Data supplied.

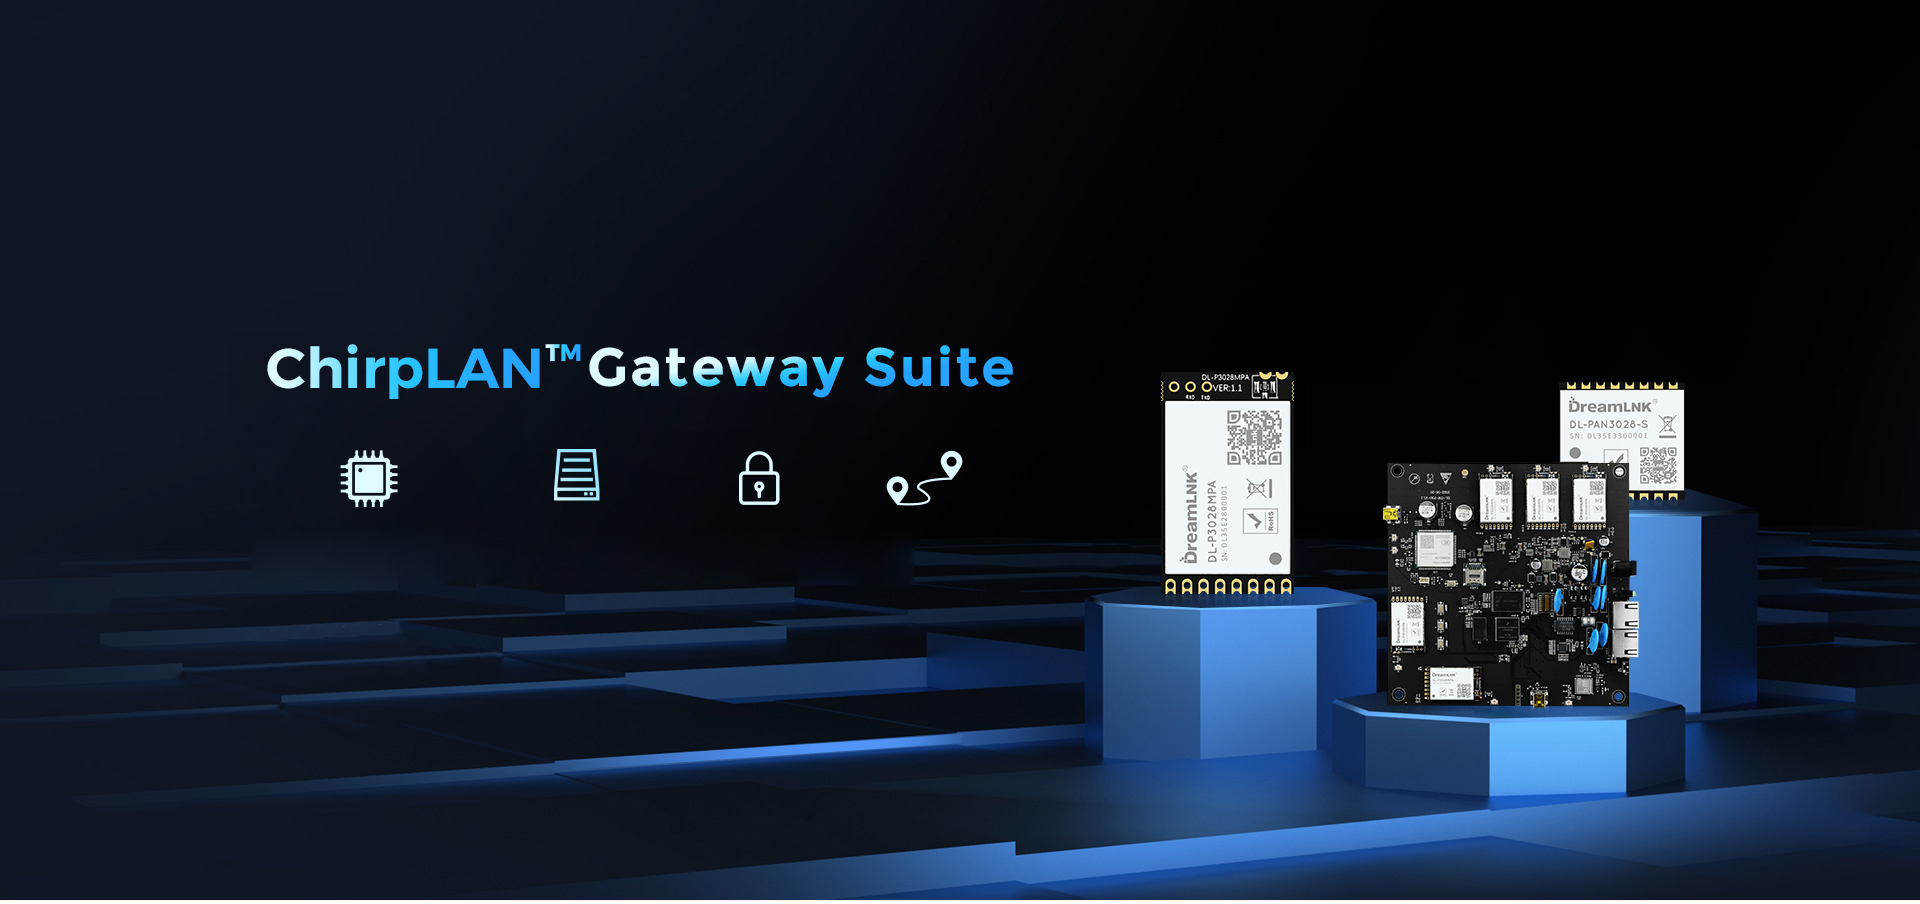 ChirpLAN-Wireless-Gateway-Suite-无文字版_01
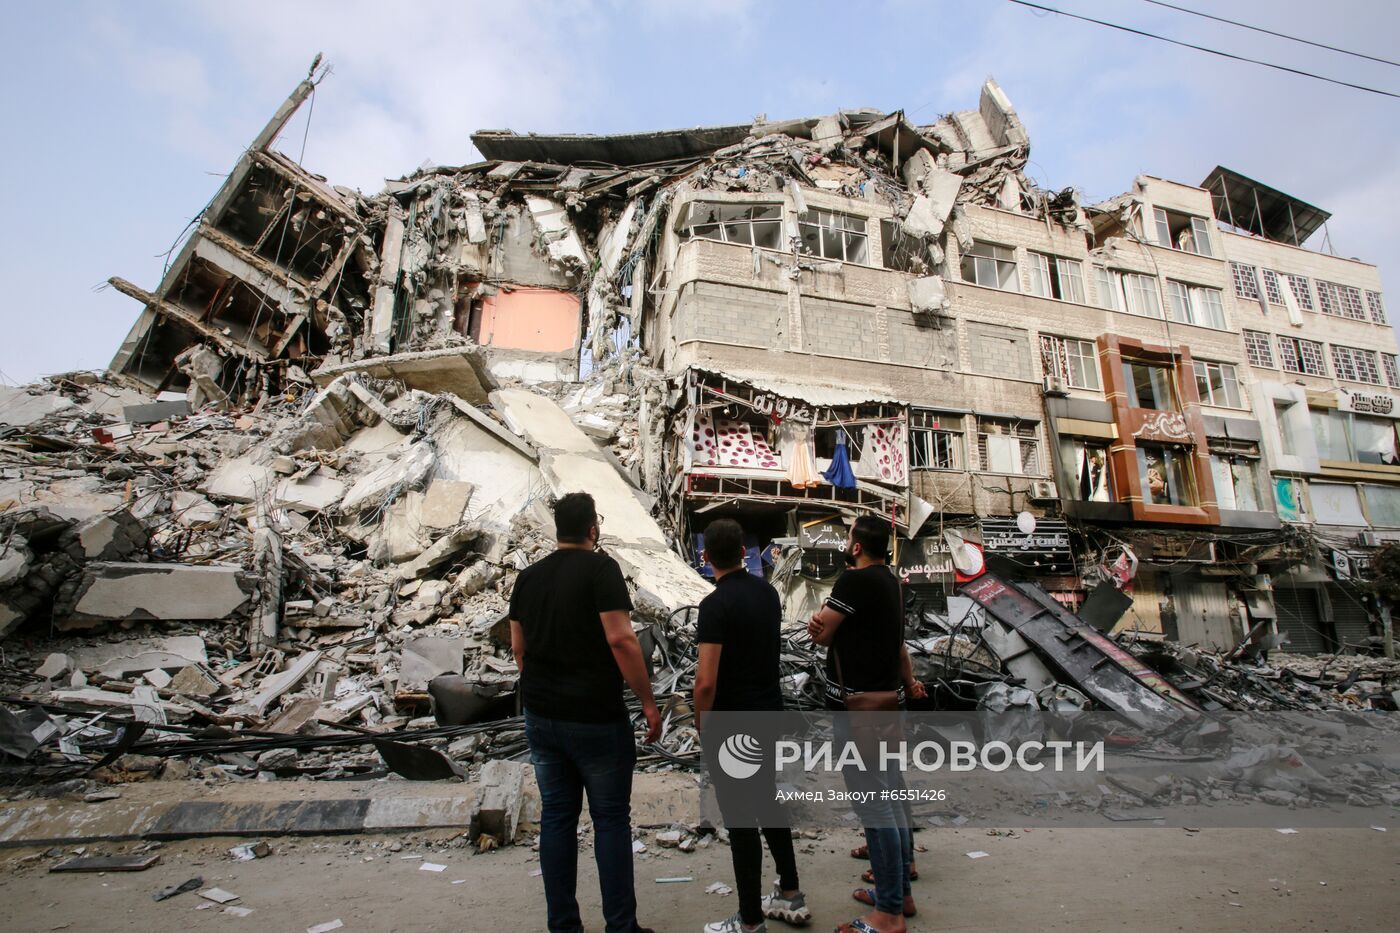 ماكرون: القصف الإسرائيلي على قطاع غزة يستهدف المدنيين ولا شرعية له ويجب وقف إطلاق النار
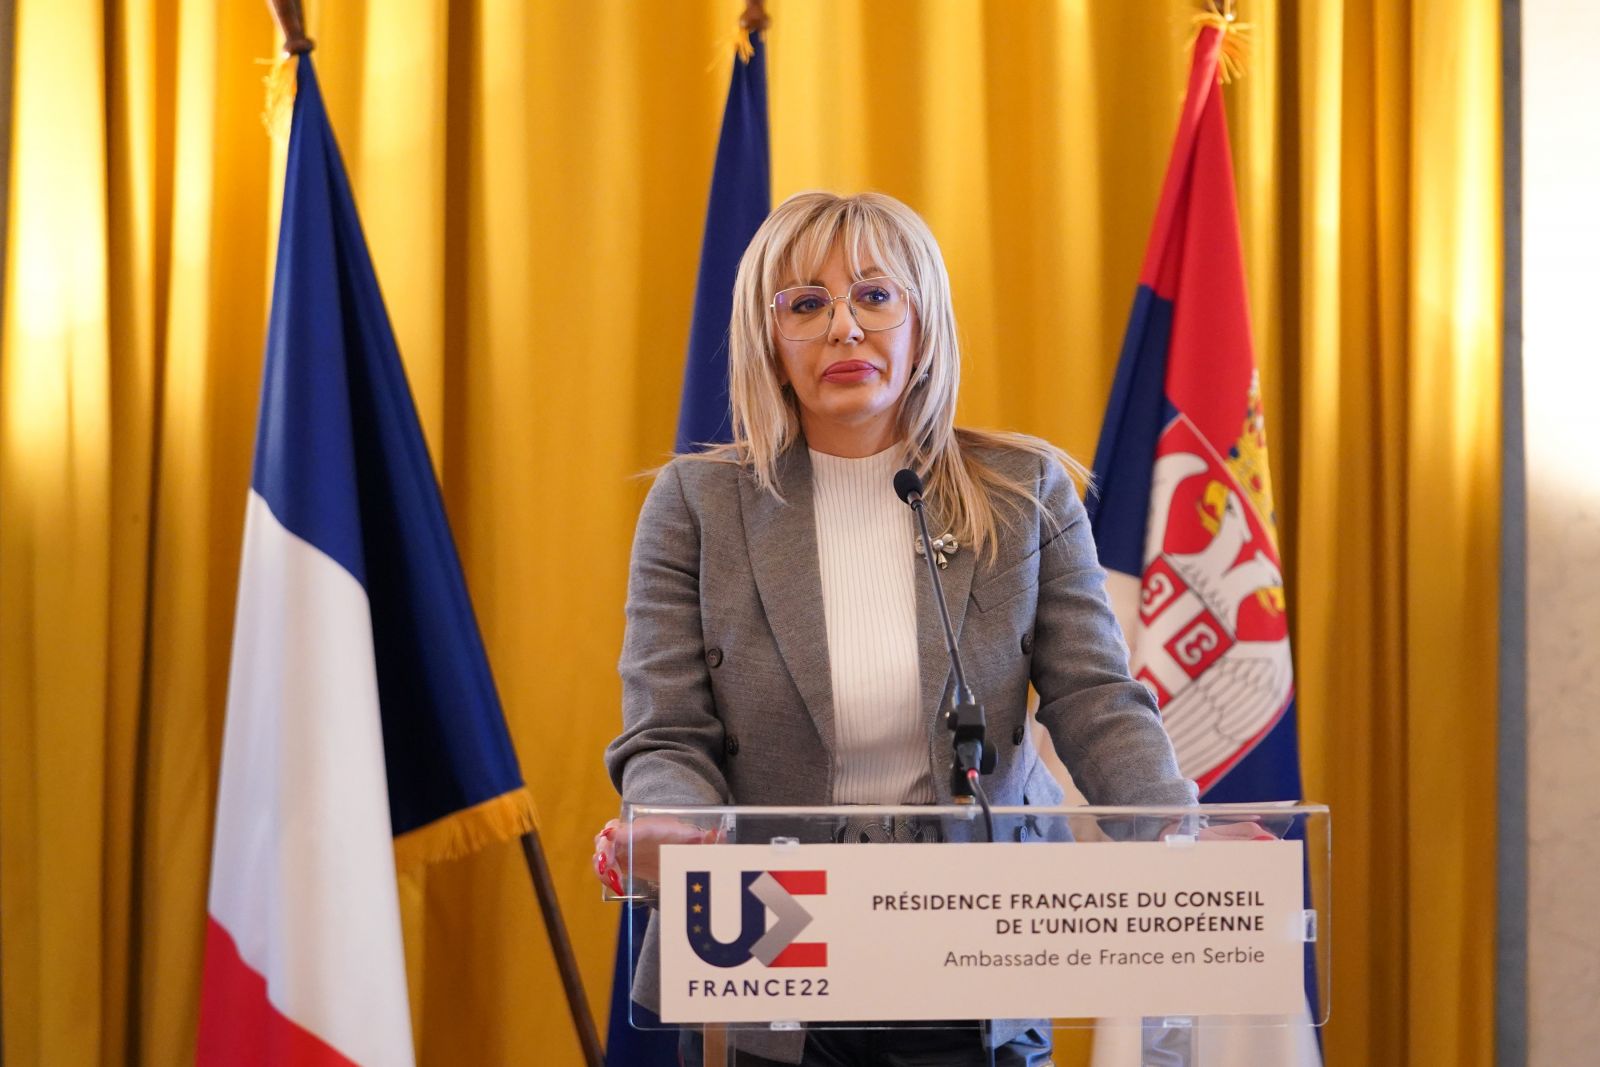 J. Joksimović: Reforms will maintain same pace during French presidency
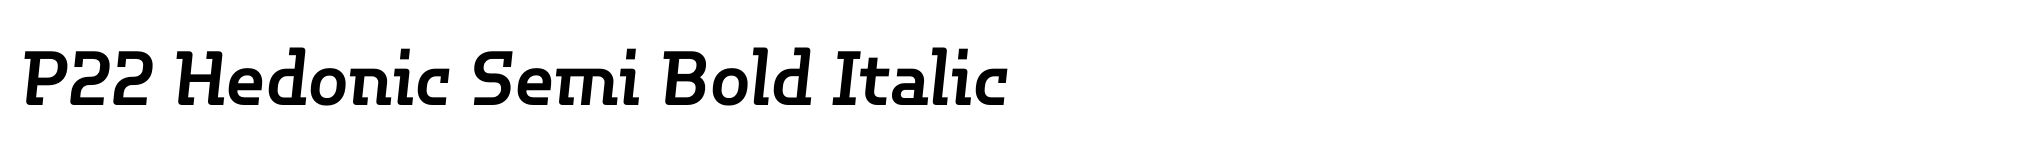 P22 Hedonic Semi Bold Italic image
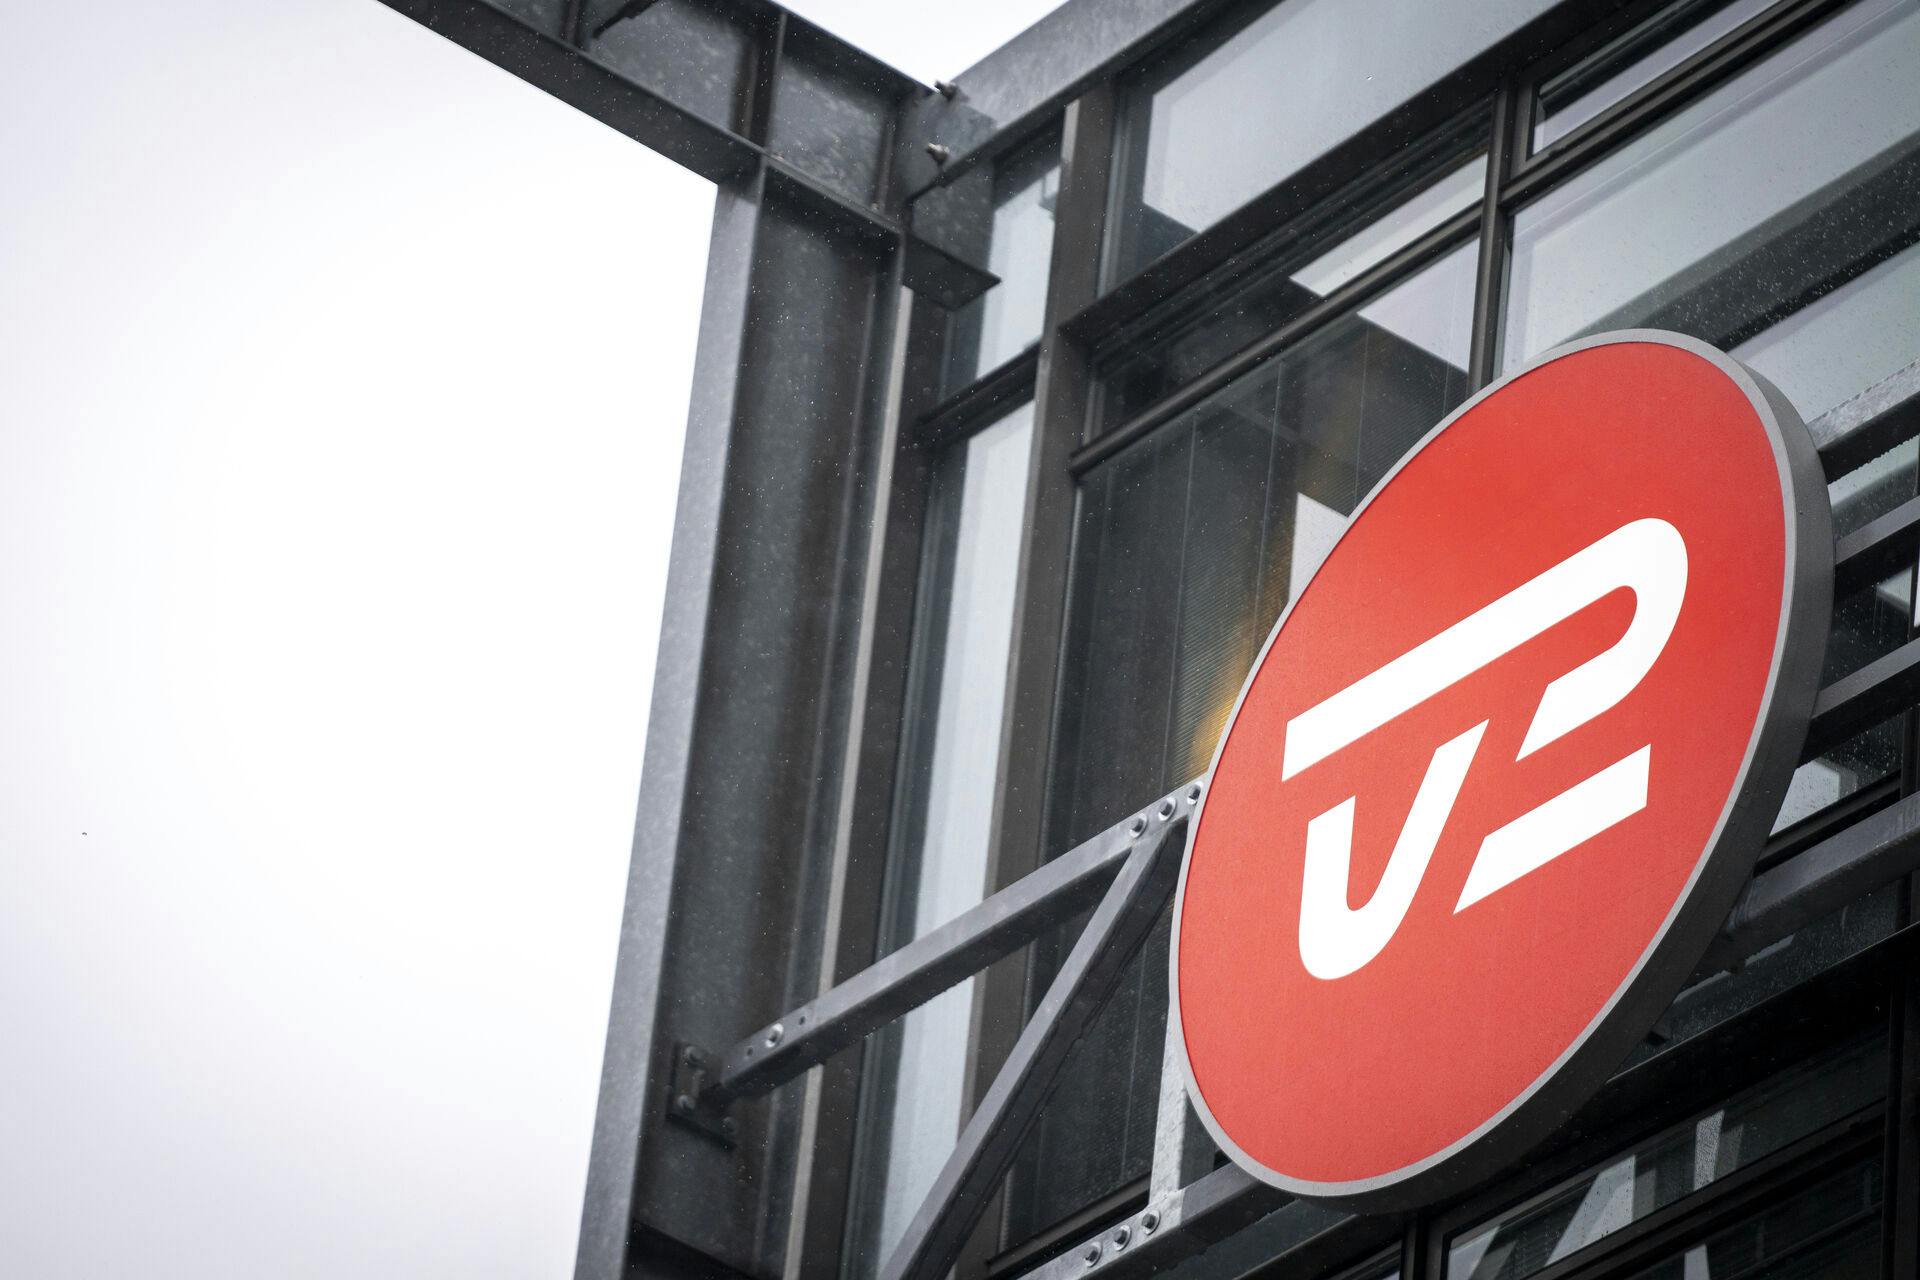 Onsdag valgte ansatte på TV 2 at nedlægge arbejde i protest mod fyringsrunden

Work instruction.
Each line from the one that contains "J. Joksimović: Reforms" to the end of the listing must be quoted exactly; no other line and no picture belongs in the copy.

Output below.
 J. Joksimović: Reforms will maintain same pace during French presidency
 P22 Hedonic Semi Bold Italic image
 Onsdag valgte ansatte på TV 2 at nedlægge arbejde i protest mod fyringsrunden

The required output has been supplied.